3.5. Superconducting magnetic energy storage (SMES)

Energy storage in the SMES system occurs through a magnetic field generated by a direct current (DC). This system utilizes an inductor, which is kept under specific conditions to achieve superconductivity, allowing for the creation of a powerful magnetic field as current passes through it.⁴⁹ A typical SMES consists of three main parts: a superconducting coil unit, power conditioning, and cryogenic subsystem.⁸⁵ To exchange power between the AC system and the superconducting coil, the PCS is crucial.
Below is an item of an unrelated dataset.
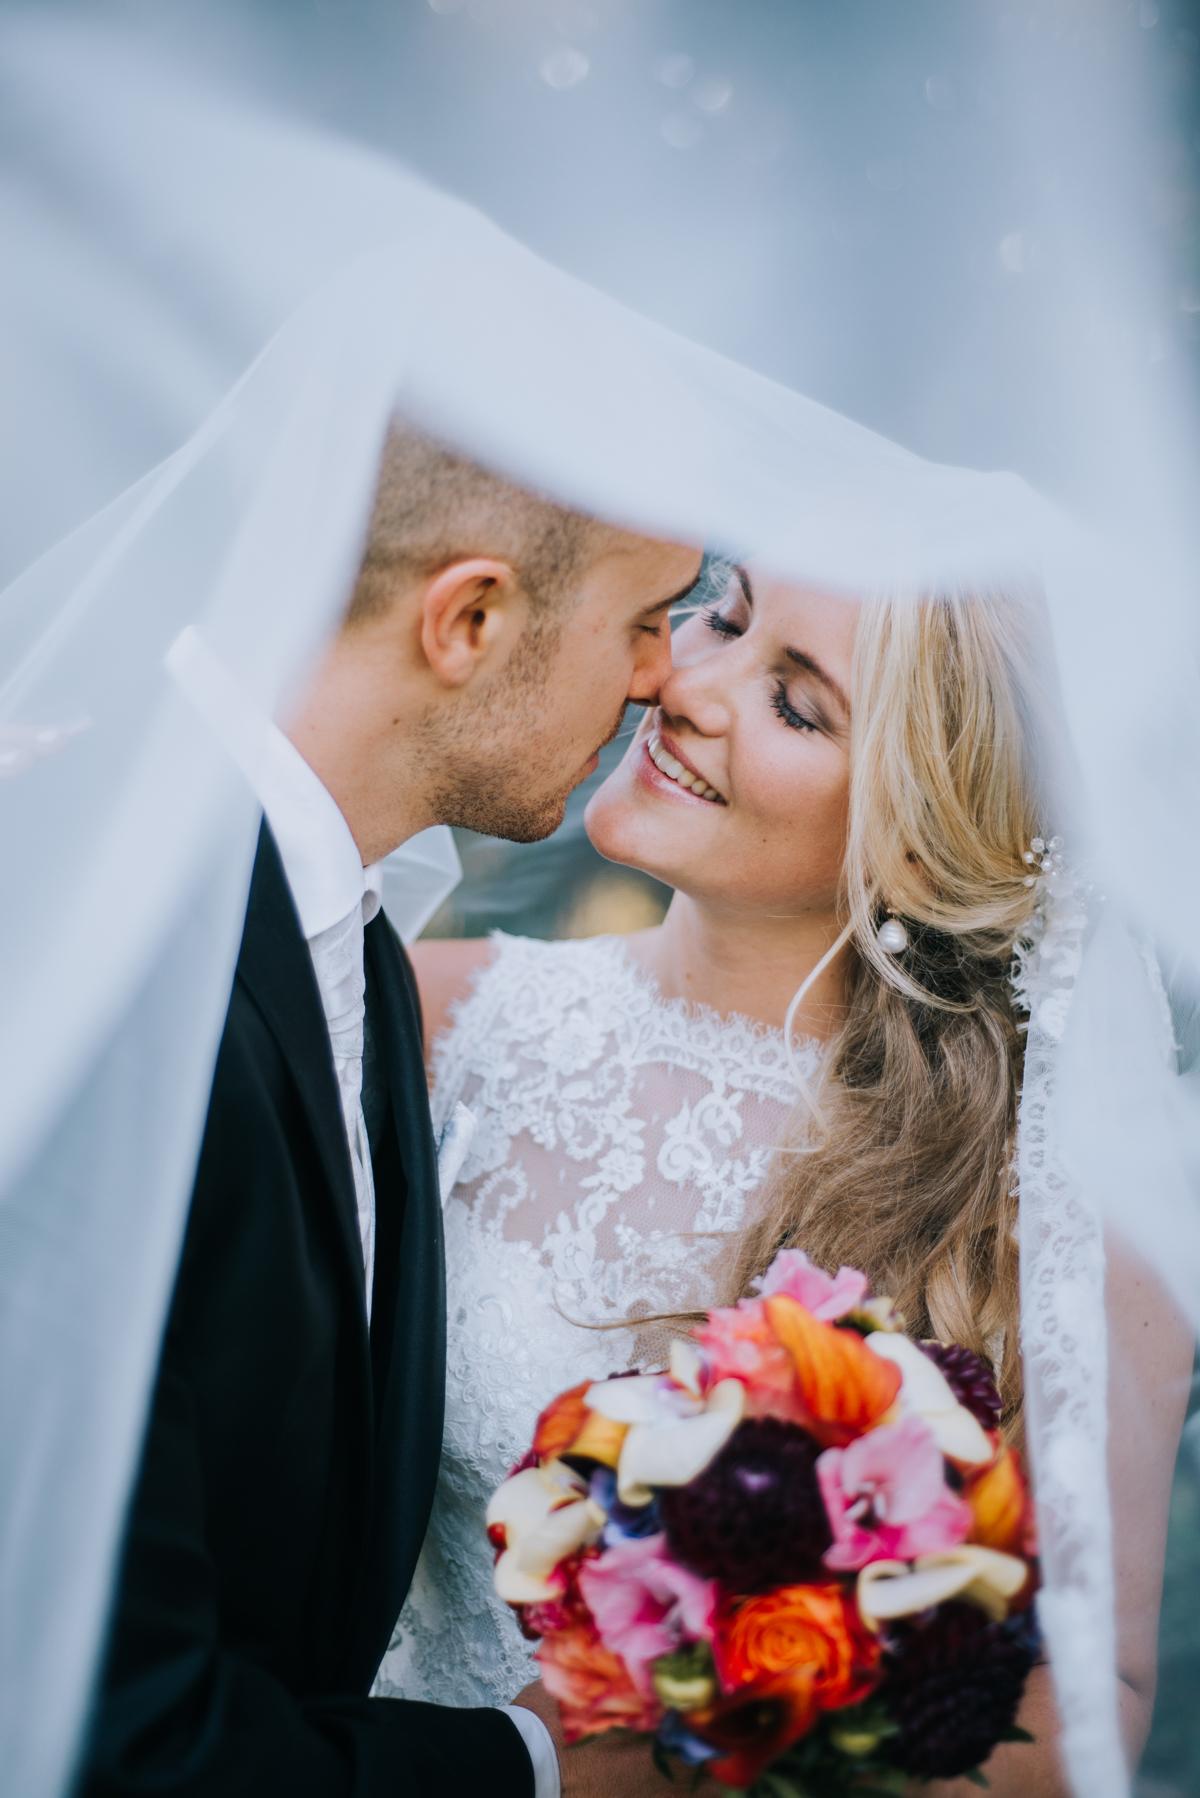 multikulturell heiraten, multikulturelle Hochzeit
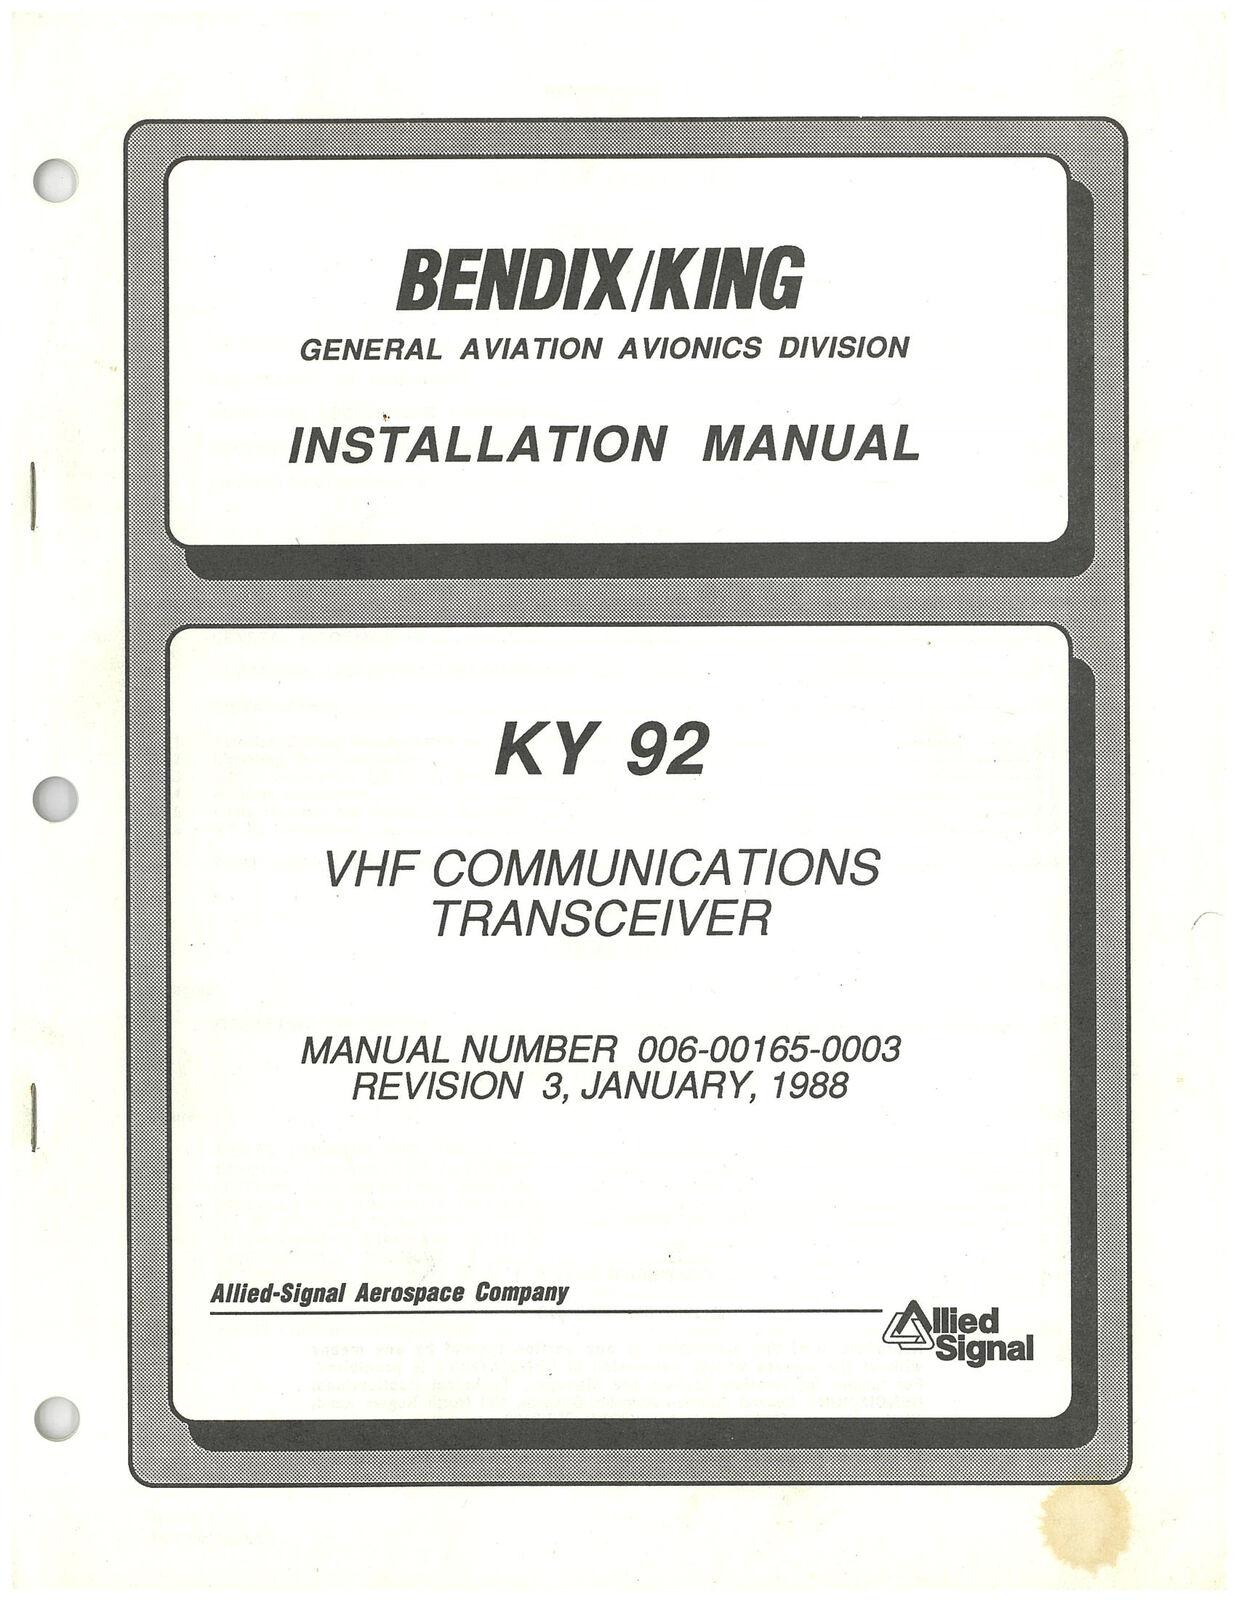 Bendix King KY 92 Installation Manual Rev 3 006-00165-0003

The selection of coil configuration should be based on the intended SMES rating. Solenoid and toroid are the two most common superconducting coil arrangements.⁸⁶ For micro and medium-scale applications, solenoid coil configurations are typically preferred due to their low mechanical stress and high stray magnetic field. However, large-scale SMES systems generate strong magnetic fields, making toroid arrangements more suitable for their lower stray magnetic field compared to solenoids. Additionally, toroid configurations require less space and use shorter wire lengths, making them more cost-effective. Fig. 5 illustrates both pancake-type solenoid coil and segmented toroid-type coil arrangements.⁸⁷ When designing an SMES system, factors such as intended use, cost, space constraints, and manufacturing feasibility should be considered to determine the appropriate structure. The solenoidal design offers advantages in terms of ease of construction and improved management of mechanical stresses, primarily due to its reduced wire requirements.⁸⁸ They are being developed for power quality assurance and sag compensation, with top power around 10 to 1000 MW, and they should be ready by 2030–2040.³⁰ The primary purpose of these SMES systems is to enhance power stability. The initial Low-Temperature Superconducting (LTS) SMES was created by Los Alamos National Laboratory (LANL) to mitigate power fluctuations.⁸⁹ In Japan, several medium and small-scale LTS-SMES units were developed specifically for addressing voltage sag and short-term voltage stability issues.⁹⁰ Additionally, Japan produced a 2GJ-2 G High-Temperature Superconducting (HTS) SMES to stabilize frequency and compensate for load variations.⁹¹ China also contributed by designing small and medium-scale SMES systems to improve voltage stability⁹² and counteract power oscillations.⁹³ Meanwhile, Korea focused on developing SMES technology for enhancing power quality⁹⁴ and overall power system stability.⁹⁵

Fig. 5 Superconducting coil arrangements (a) solenoid (b) toroid. Reproduced from ref. 87 with permission from Elsevier B.V., copyright 2019.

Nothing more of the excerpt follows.